Pasilla vs Poblano: We Found the Best

Well, it’s not a secret that Mexican cuisine has some of the most interesting spices among the world’s gastronomy. But have you ever wondered why dishes like chiles rellenos, enchiladas and Mole sauces have such a unique and delicious flavor? It’s all because of peppers!

In Mexico, the two most popular types of peppers are pasilla and poblano peppers. Although they look similar, these two peppers are different in the way they look, taste and the dishes they’re used in. Let’s explore the differences in more detail.
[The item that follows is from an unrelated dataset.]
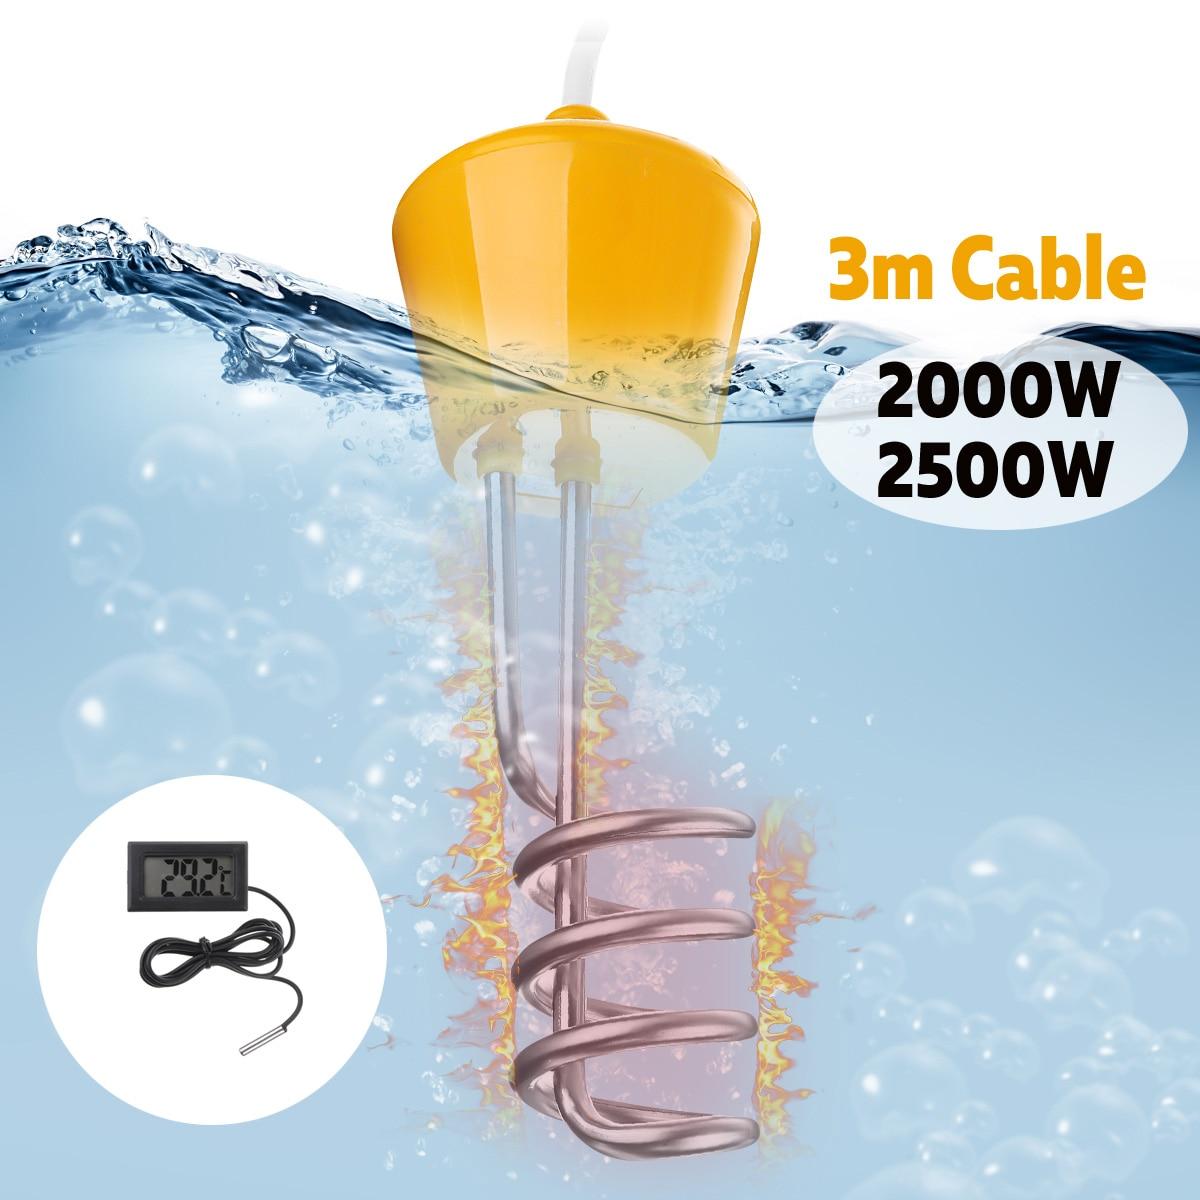 2000W/2500W Portable Suspension Electric Water Hea

  • Pasilla peppers, also known as chile negro, are about 4 to 5 inches long and skinny, dark brown, almost black color. They are sweet and mild with a smoky flavor. Pasilla peppers can add a unique flavor to fried and steamed dishes, quesadillas, tacos and salsas.
  • Poblanos, on the other hand, are very similar in shape and size, but they are dark green. Poblanos are very mild and sweet, with notes of earthy, spicy and smoky flavors. They are usually found in chiles rellenos, chilaquiles, sauces and stews.
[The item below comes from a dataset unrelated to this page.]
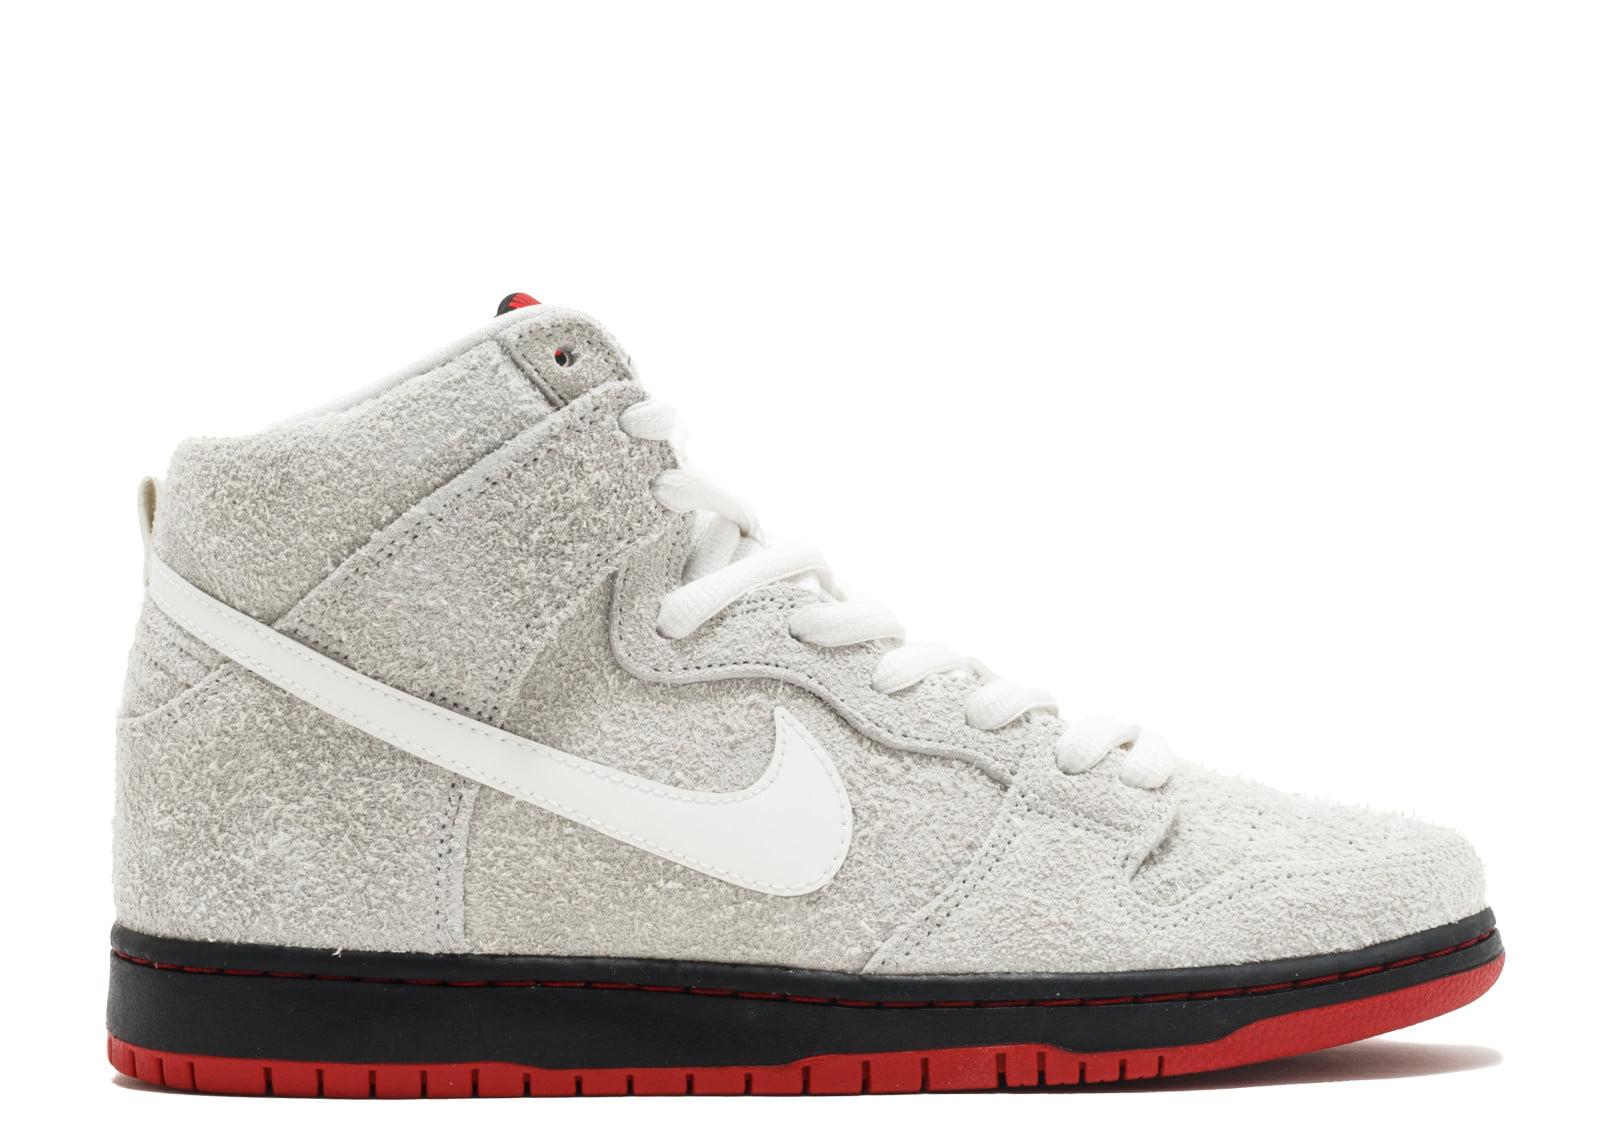 best loved 1e44f b0619 Nike - Men - Sb Dunk High Trd Qs  Black Sheep  - 881758-110 - Size 7

When using pasilla or poblano peppers, it’s important to be aware of their different levels of heat. Pasillas are usually spicier than poblanos, with a Scoville Heat Unit (SHU) range of 1,000 to 2,500. Poblanos are much milder, with a SHU range of 1,000 to 1,500.

If you’re looking for a mild flavor, poblanos are your best bet. But if you’re looking for something with a bit more kick, pasilla peppers are your go-to.
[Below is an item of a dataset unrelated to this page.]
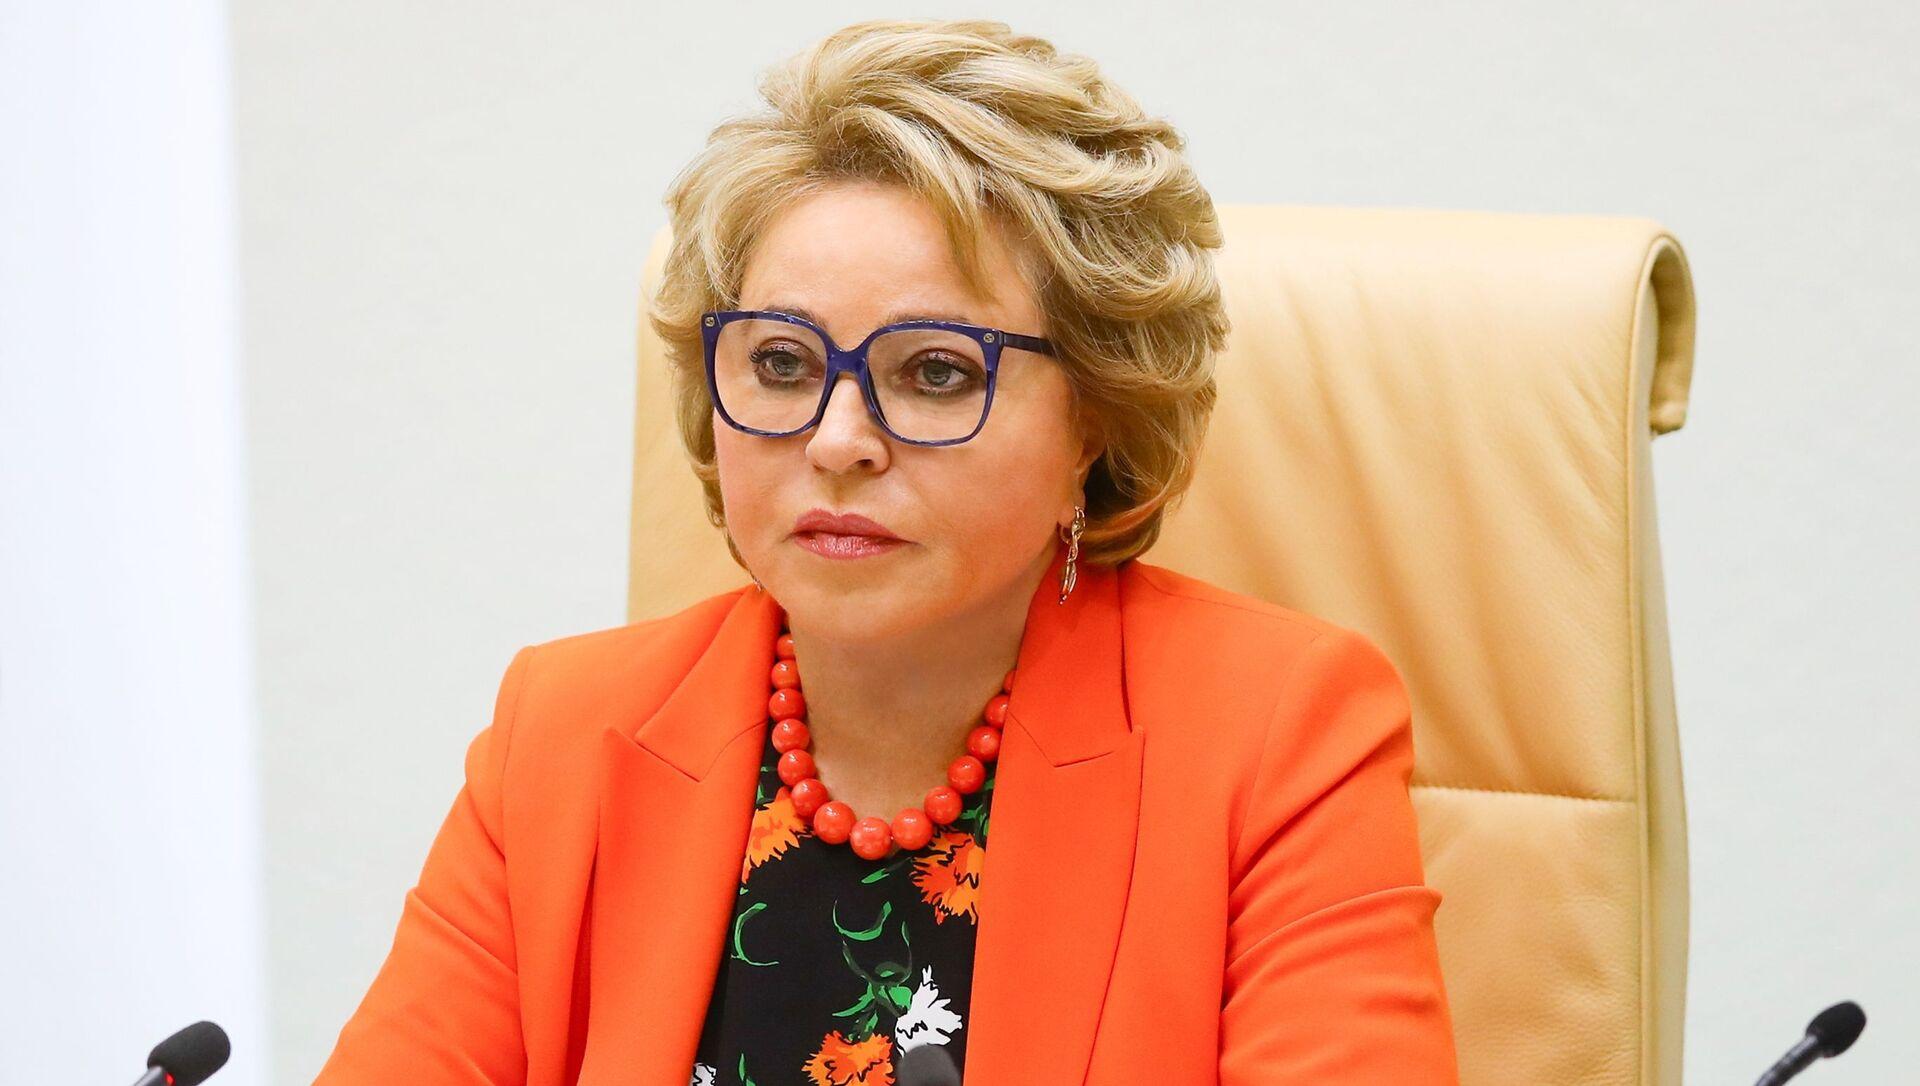 Председатель Совета Федерации Валентина Матвиенко - Sputnik Беларусь, 1920, 02.03.2021

When it comes to preparation, both chilis are easy to use and versatile. They can be added to both cooked and raw dishes, and they can be sauteed, roasted, grilled or dried. It all depends on your preference.

Pasilla Pepper

If you’re looking for a flavor-packed pepper to add depth and complexity to your favorite dishes, look no further than the pasilla pepper. This dark, mild chili pepper has a hint of raisin-like sweetness and a rich smoky flavor that can add an unmistakeable depth to any dish. Plus, with its medium heat level, the pasilla pepper is sure to please any palate. 

Adding pasilla peppers to your cooking repertoire is easy. Whether you’re dicing and sautéing it or finely grinding it into a paste, the flavorful pasilla pepper is sure to become a kitchen staple. Its mild heat level may even inspire daring chefs to leave the jalapenos in the cabinet and reach for the pasilla instead. 

Try adding cooked and pureed pasilla peppers to your favorite stews and sauces. They can easily be used as a substitute for a variety of peppers, including ancho and mulato. Or, you could use the unique flavor of pasilla peppers to step up your taco game. When simmered in oil, the pasilla pepper develops a deep, mildly smoky flavor that you won’t get from chili powder. 

No matter where you live, you’ll find that adding pasilla peppers to your dishes will enhance the flavor and add heat without overwhelming the palate. It’s time to give your cooking a flavor upgrade with the pasilla pepper.

Poblano Pepper

For some, the poblano pepper may be an unfamiliar ingredient. But with its bold yet mild flavor, this pepper is quickly gaining recognition in kitchens across the world.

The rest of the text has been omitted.